12 April 2014
A few weeks ago, there was a major 8.2 earthquake in northern Chile. Chile is a really, really long country, and here in the middle we didn't feel a thing, nor did we get the tsunami we were warned about. However, lest we forgot that we, too, are in the Ring of Fire, there was a little one right here in (or near) Viña a few days later.
In the same way that Inuit have multiple words for snow (which I know is not quite true but go with it), folks around here have multiple words for "earthquake." What happened up near Iquique was a terremoto. What we felt was a mere sismo, and turning on the news was about all the action our housemates took.
| A sismo preparedness meeting w/ our housemates. Yeah, that's it. |
This past Saturday, Kat and I visited Valparaíso for the Tall Ship (Velas) Festival. We took a boat tour of the harbor, and on one side, tall ships.
On the other side were the cerros (hills) of Valpo. There are 42 hills, and one of them had a lot of smoke wafting up.
| Shortly after the fire started |
| The glow is sunset; the fire is out of sight to the left. |
Winds were strong Saturday night, and the weather has been dry. Here's an example of what city planning looks like in Valpo.

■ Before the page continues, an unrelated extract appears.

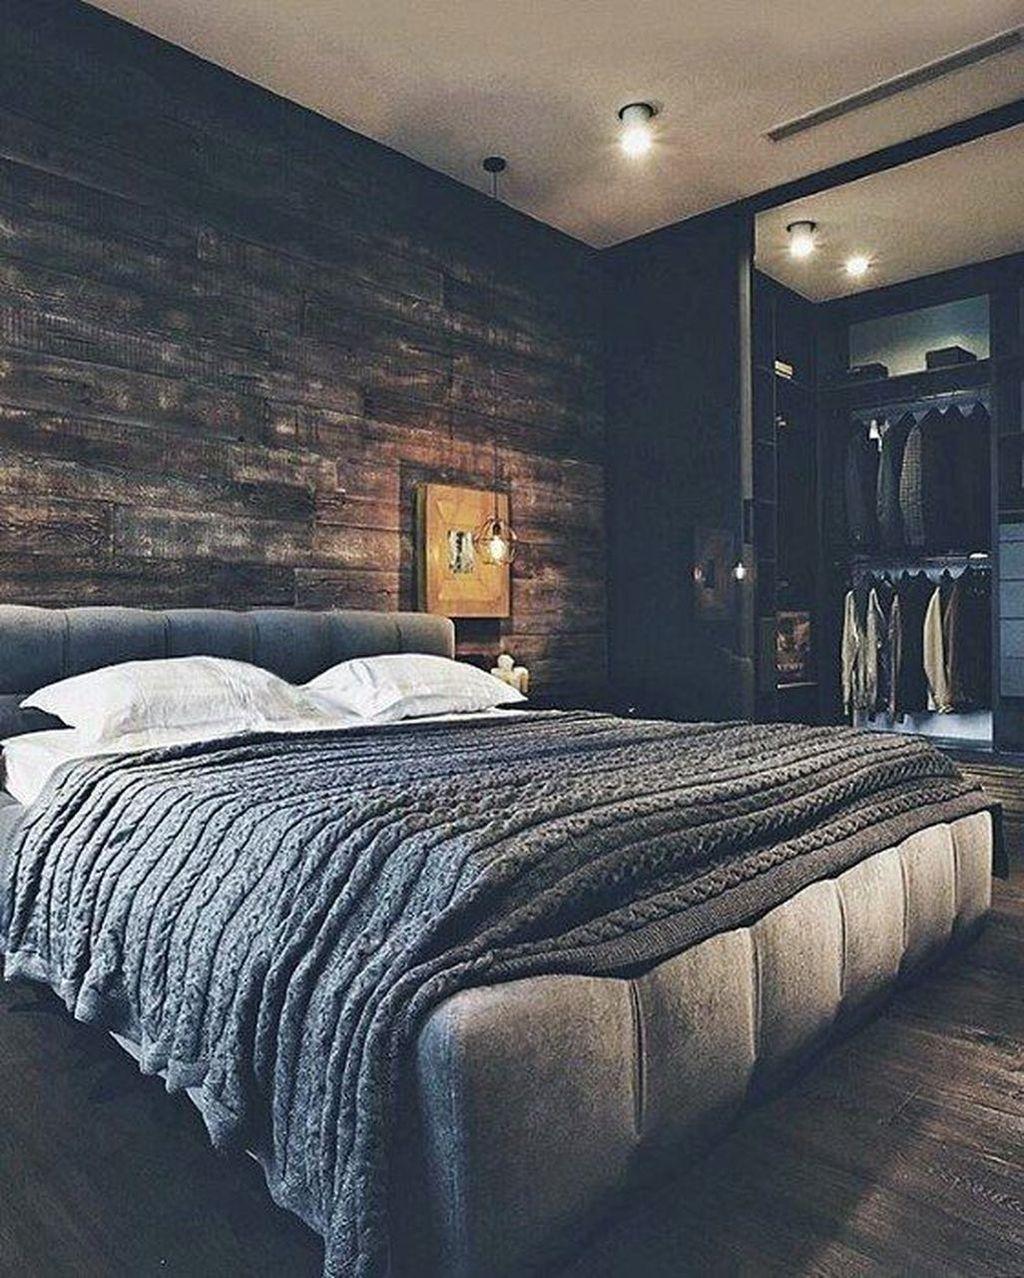 Amazing Bedroom Designs With Bathroom 51

| In case you're wondering, this area did not burn |
It makes for charming photos, but how in the world are bomberos (firemen) supposed to get a truck anywhere close to a burning building through that? I feel very lucky that the only effect I felt of those winds was that my underwear fell off the clothesline. The homes that were destroyed were mostly poor; why is that always how it works?
I have learned a new word this weekend: damnificados. Casualties; victims. It's Holy Week, and that feels like an important translation somehow, like it's closer to its English cousin than it first appears.